Problem description:
Line for line, return the data exactly, omitting all pictures.

Data segment:
=======

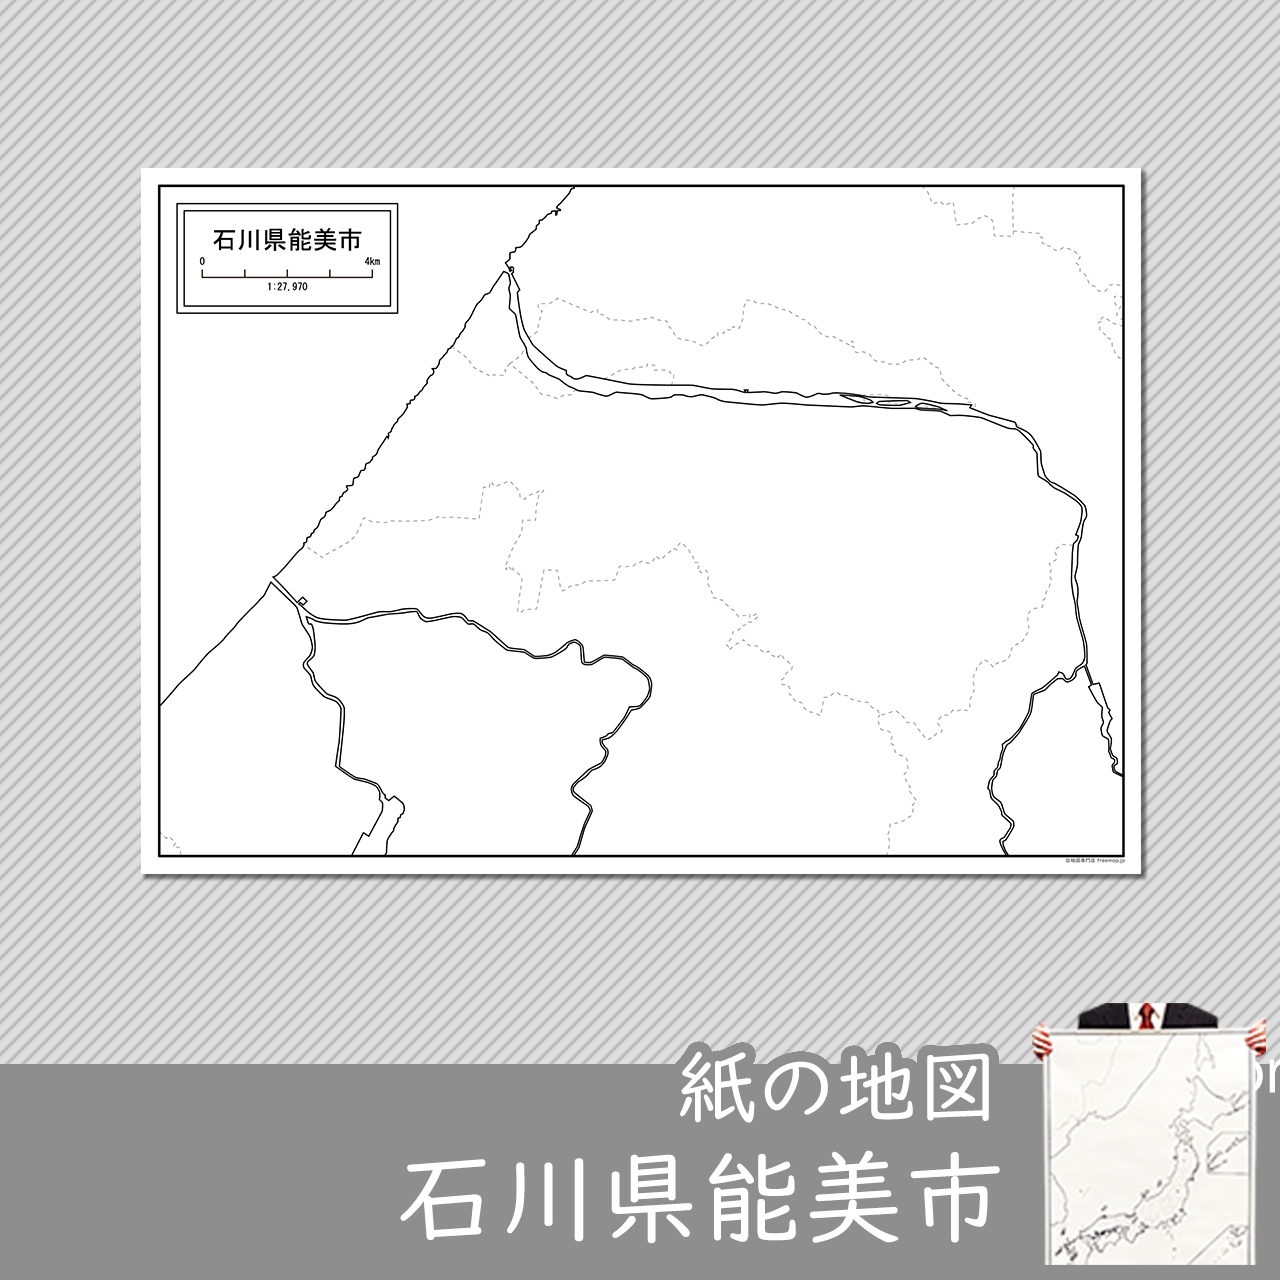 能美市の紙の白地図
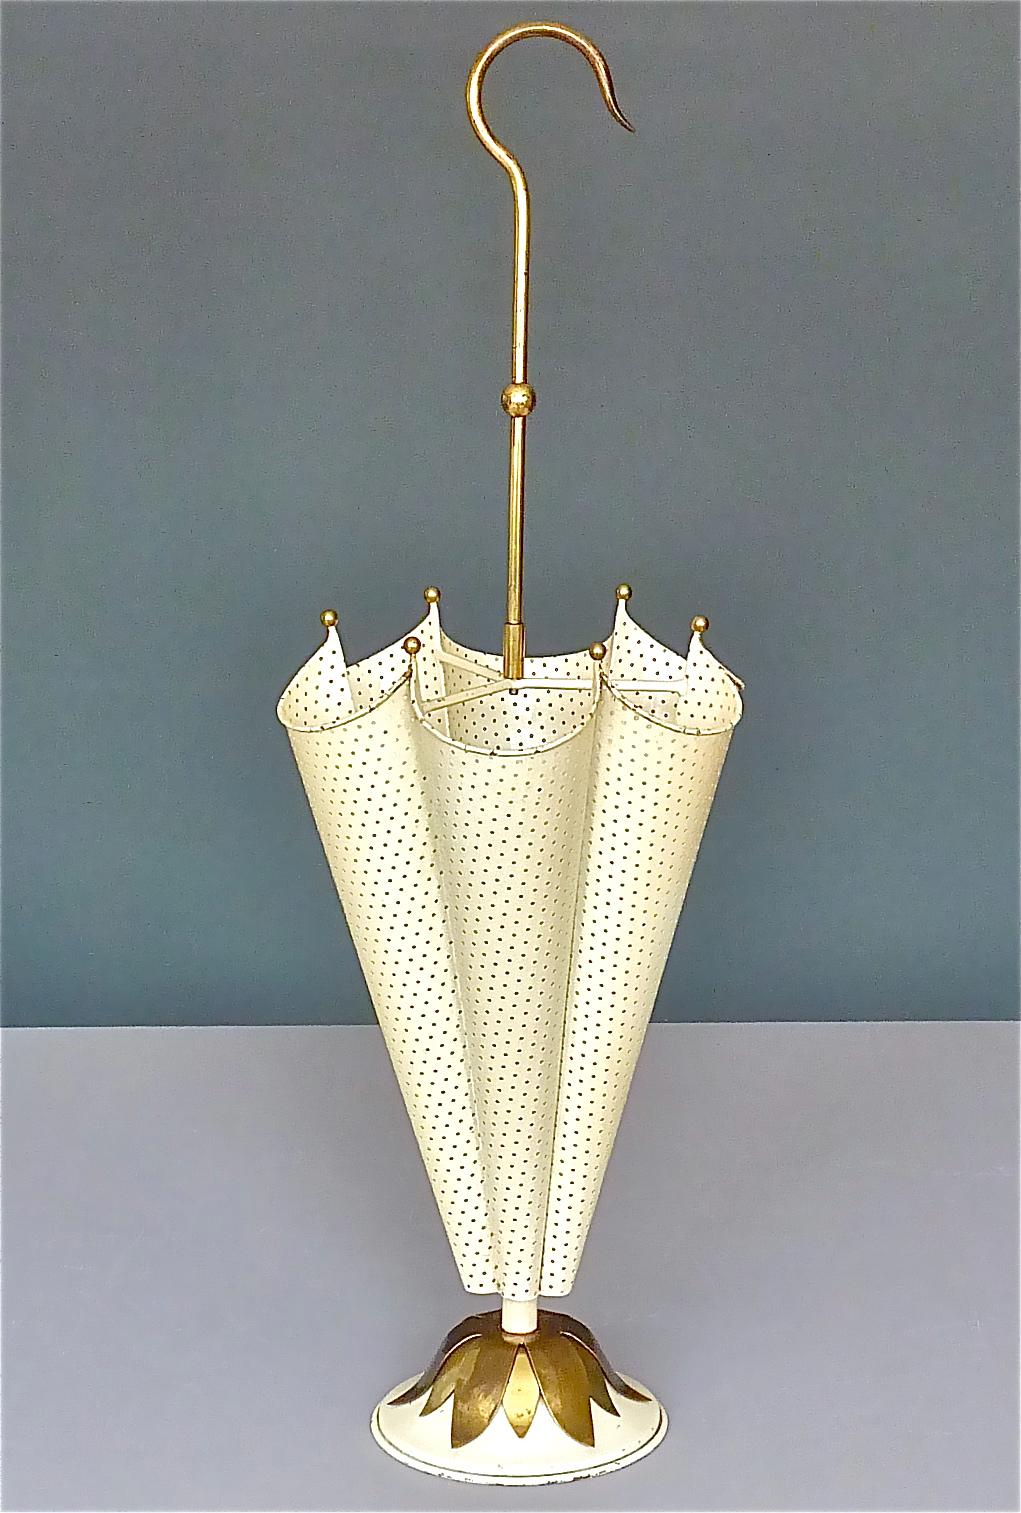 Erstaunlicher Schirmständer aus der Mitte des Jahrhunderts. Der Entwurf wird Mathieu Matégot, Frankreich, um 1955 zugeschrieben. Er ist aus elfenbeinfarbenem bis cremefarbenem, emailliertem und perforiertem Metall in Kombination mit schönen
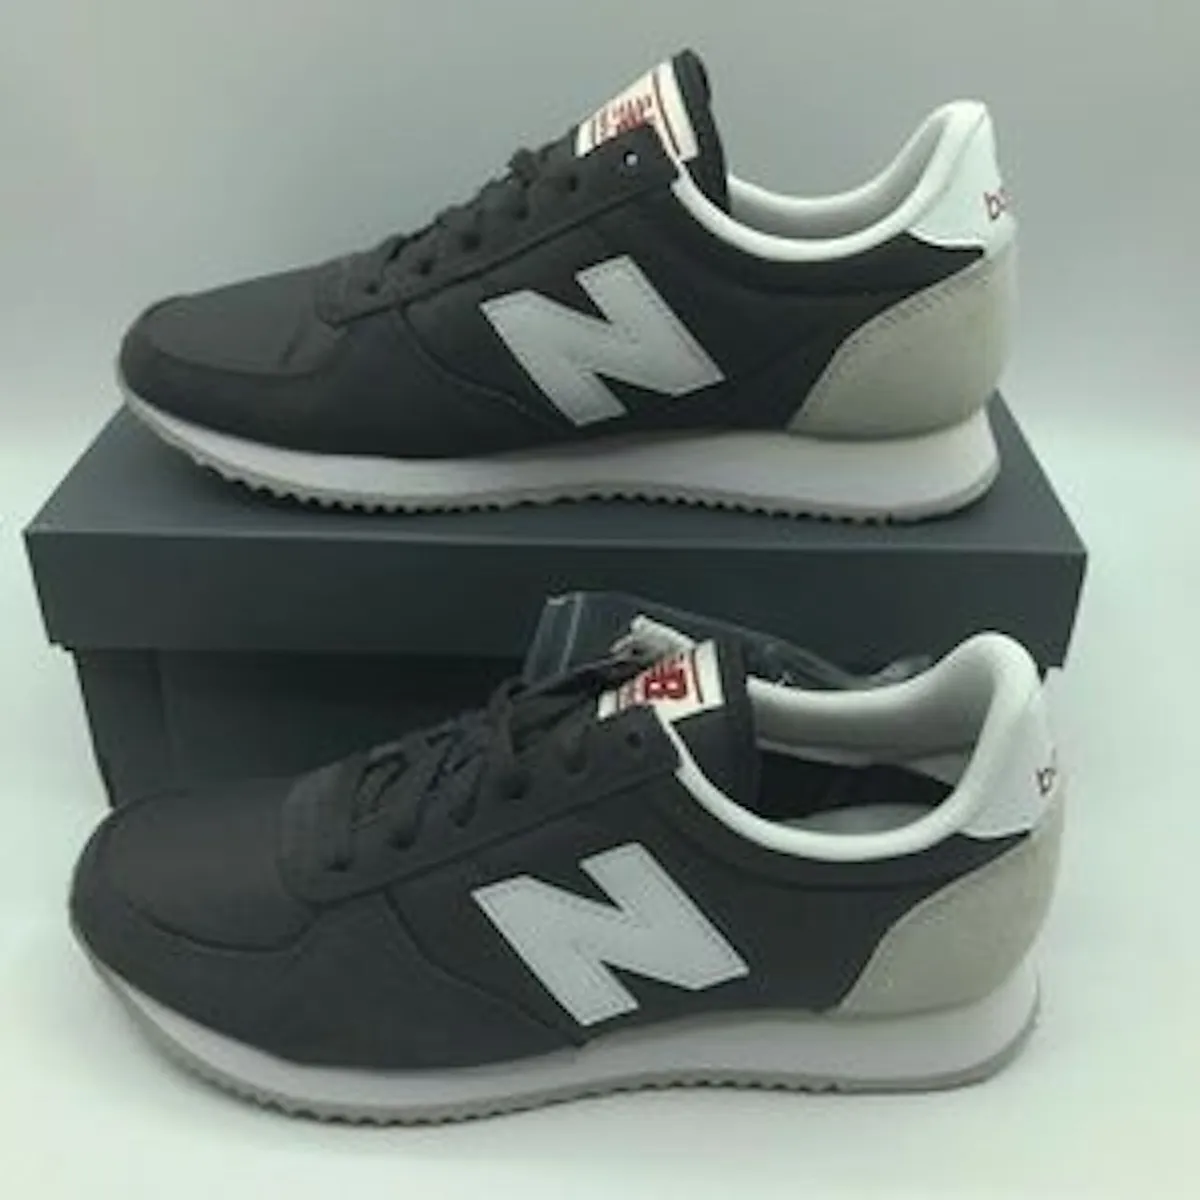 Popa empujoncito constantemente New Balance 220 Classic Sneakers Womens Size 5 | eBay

=======

Answer box:
 能美市の紙の白地図
 Erstaunlicher Schirmständer aus der Mitte des Jahrhunderts. Der Entwurf wird Mathieu Matégot, Frankreich, um 1955 zugeschrieben. Er ist aus elfenbeinfarbenem bis cremefarbenem, emailliertem und perforiertem Metall in Kombination mit schönen
 Popa empujoncito constantemente New Balance 220 Classic Sneakers Womens Size 5 | eBay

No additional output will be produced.